Rare but known means that such powers are wielded just by few of the most powerful masters of magic (such as high level PCs in RPGs), and perhaps lesser magi could have less potent forms of this, able to kill few men at once, but not to disperse a well-disciplined unit of 100 men. Then the difference wouldn't be as great, but elite armies (or ordinary soldiers when enemy is known to have some masters of magic) would be trained to disperse (and perhaps fall down, to mitigate destruction done by explosions) quickly, and then to form a shield wall again when enemy soldiers approach close enough that enemy is unlikely to throw more explosive fireballs to the area. This is the norm in most low- to mid-magic fantasy worlds.

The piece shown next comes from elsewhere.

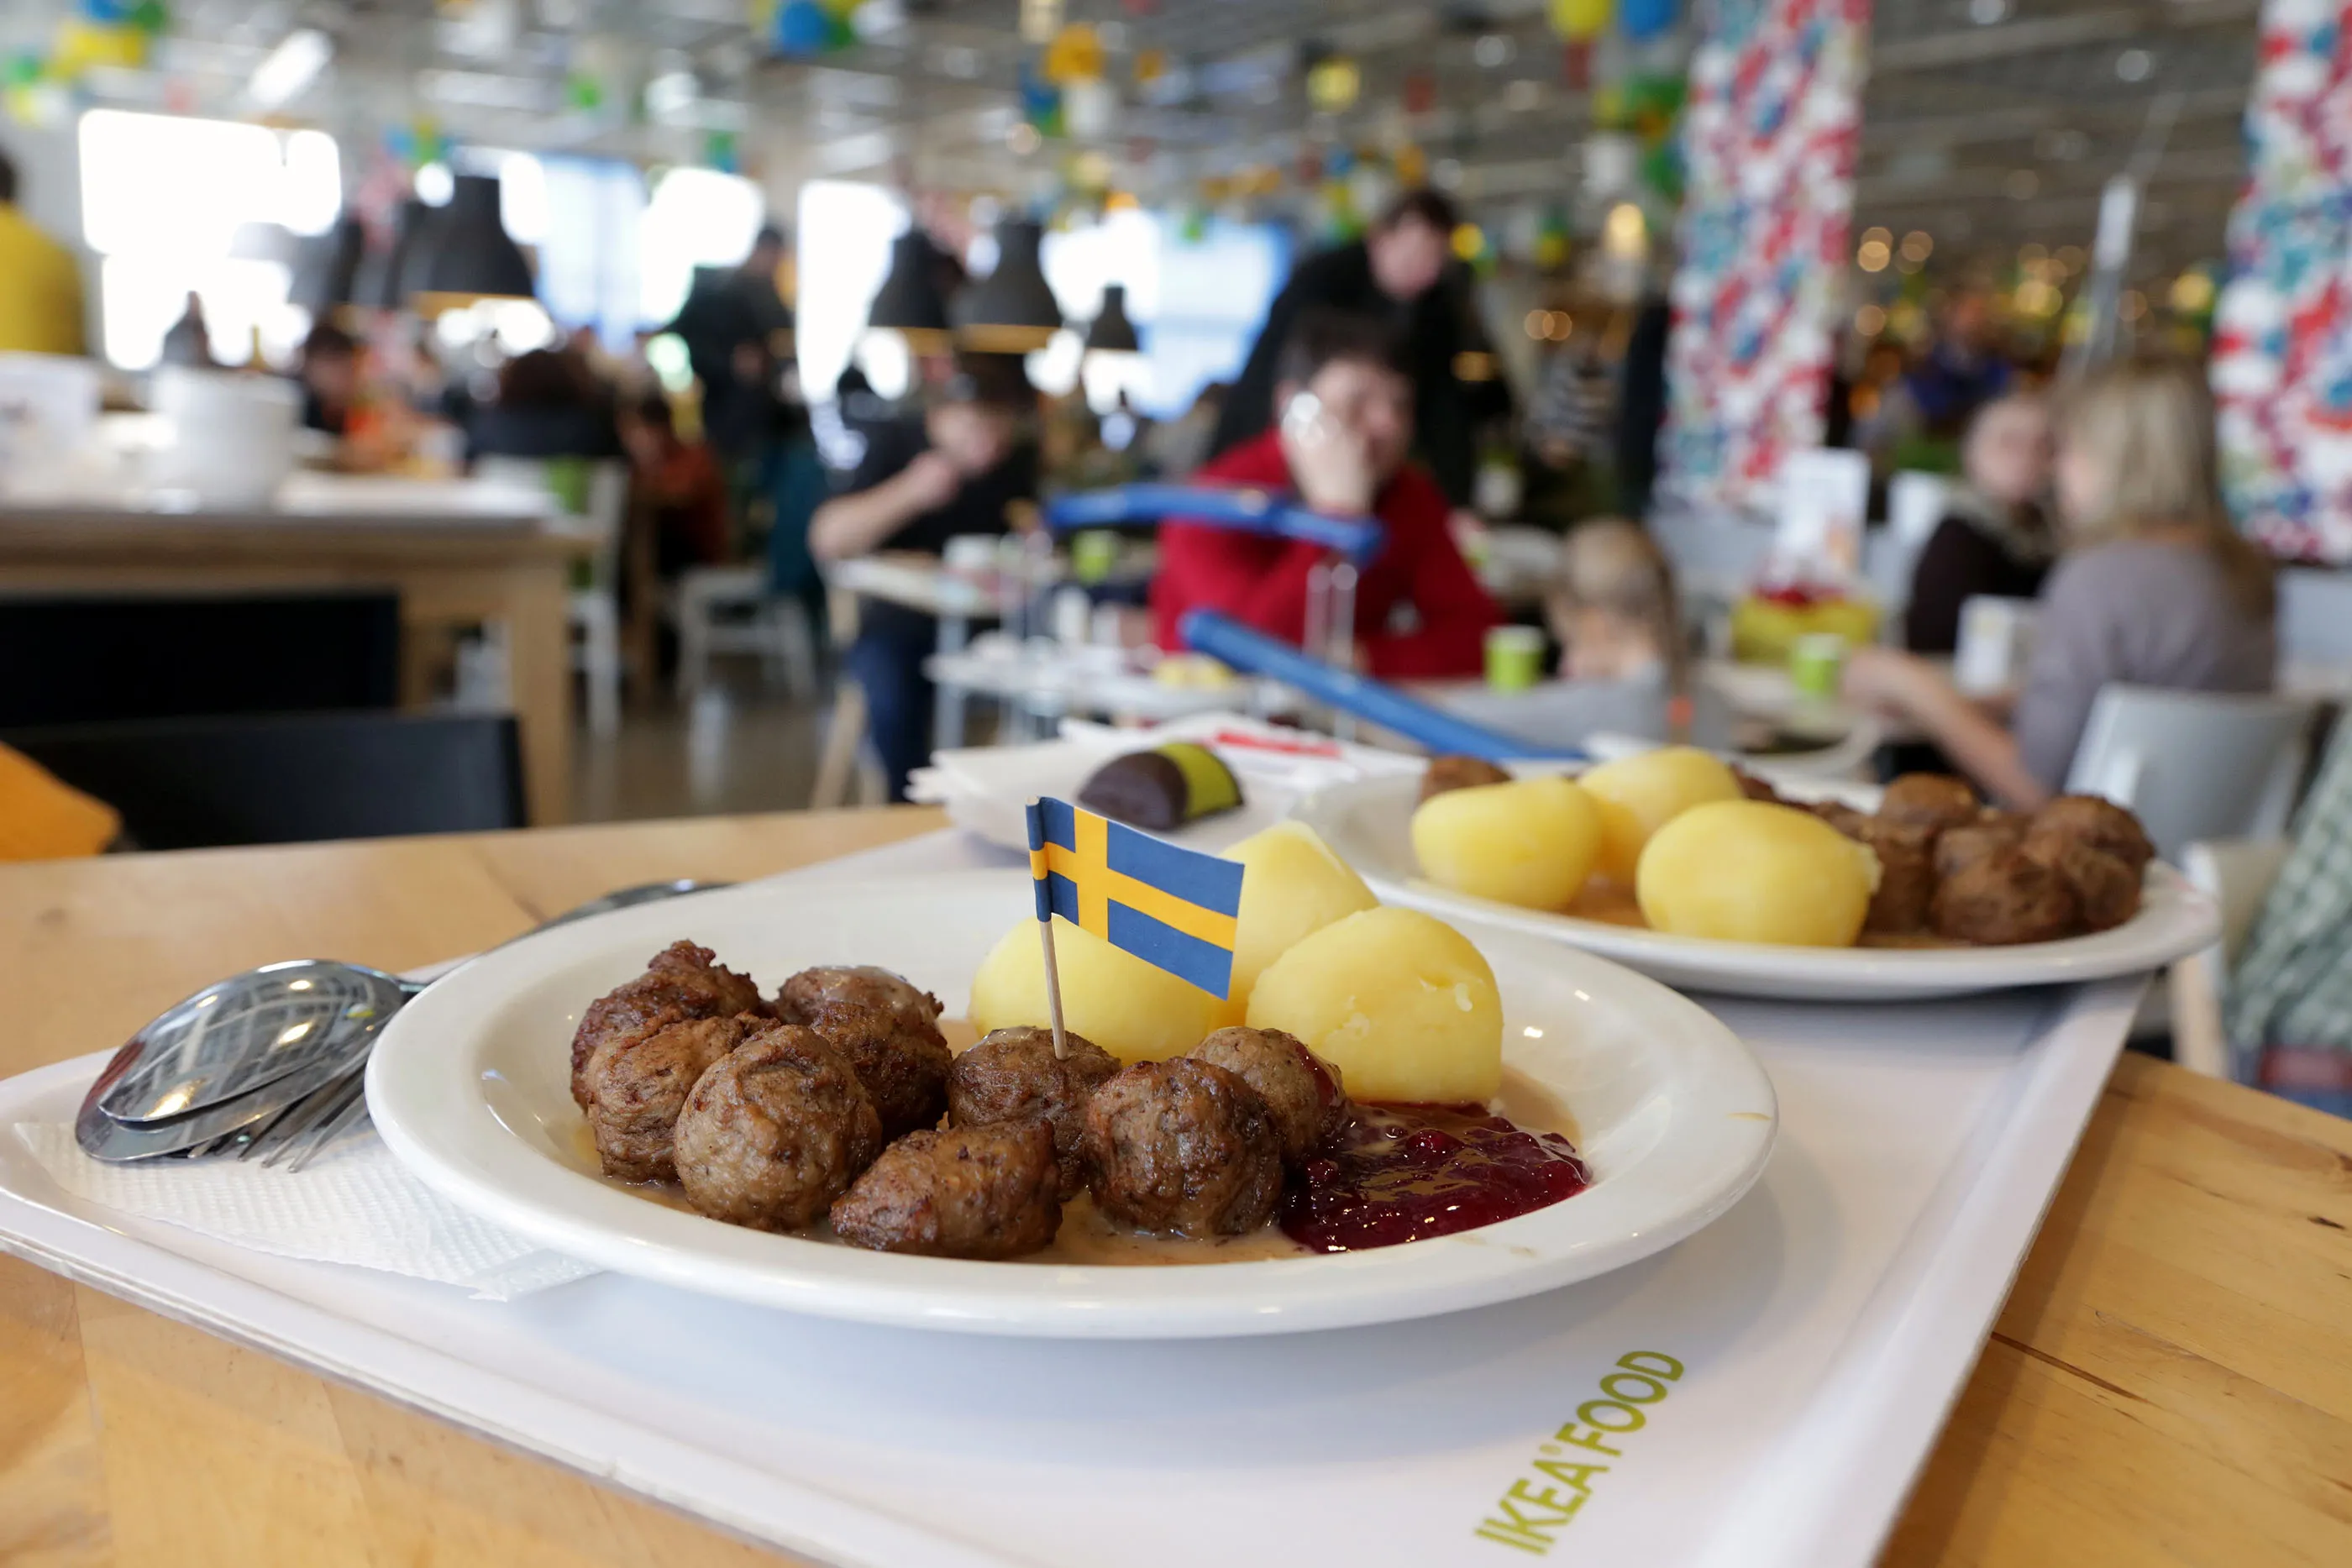 Ikea: What the Best Deals Are at Its Restaurant Money

When fireball-hurlers are really common (every army has enough of them to blast any army of similar strength grouped together into nothing in minutes), then the tactics must be different. Now soldiers would be trained to fight dispersed in small groups and only the elite would be trained to form a shield wall when no enemy mage can be seen.

This is true for attacks where scattering is the only defense. If poison gas is common, ordinary soldiers (elite if it's uncommon but known) would have some kind of primitive gas mask - usually a mask with some herbs believed/known to counteract the poison. If this is really common, some armies could develop real gas masks like in the first World War.

If this is a good siege weapon, the effect would be similar to effect of cannons. Google something on 17th century fortresses for some idea, or ask another, more detailed question.